Recently, a Stanford University AI project team copied the open source products of the Chinese large model company farce, in the new era of AI, for the Sino-US technology catch-up situation pressed the refresh key.
As the Llama3-V open source model led by Stanford University AI team, it was quickly confirmed that the shell copied the domestic Tsinghua and wall intelligence open source model “Little steel gun” MiniCPM-Llama3-V 2.5, Beijing time on June 4 1:27, The two authors, Siddharth Sharma and Aksh Garg, formally apologized to the MiniCPM team on the social platform X for the behavior and said that the Llama3-V model would be taken down.

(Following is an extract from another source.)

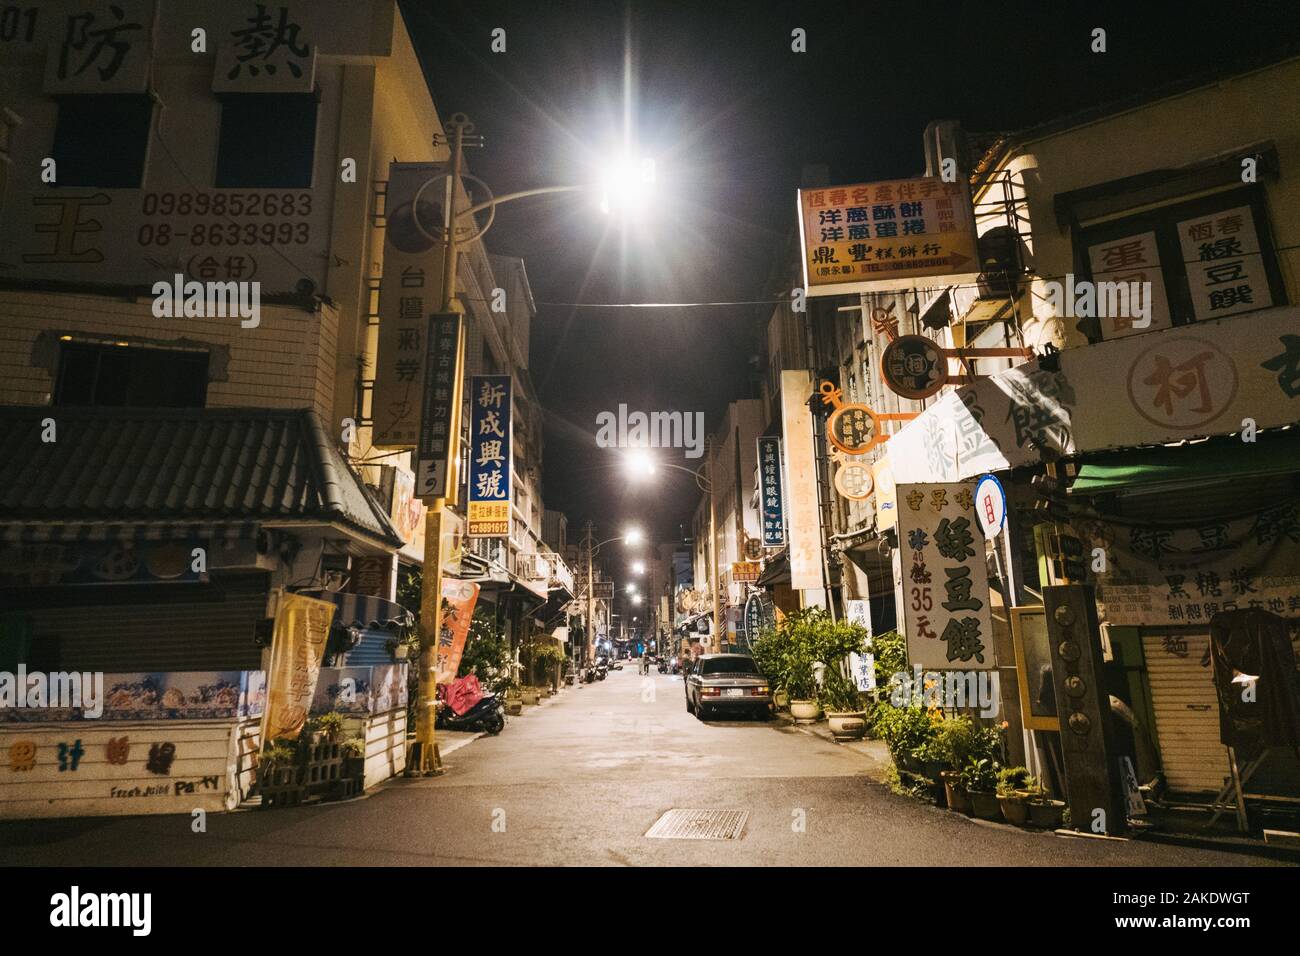 An empty but well-lit alleyway at night in Hengchun Township, Taiwan Stock Photo

In the view of Liu Zhiyuan, chief scientist of Wall-facing Intelligence and associate professor of Tsinghua University, the main goal of industry practitioners in 2006 is still to publish a paper at a top international conference. Although this time reveals the high level of AI research and development in China in a regrettable way, it also shows that the large-scale model products of Chinese startups have begun to receive widespread international attention and recognition.
The plagiarism was quickly proven
The timeline shows that the incident began as early as May 29, when an AI team from Stanford University began to advertise on the network that $500 can train a SOTA (the best state of the latest technology) multimodal model.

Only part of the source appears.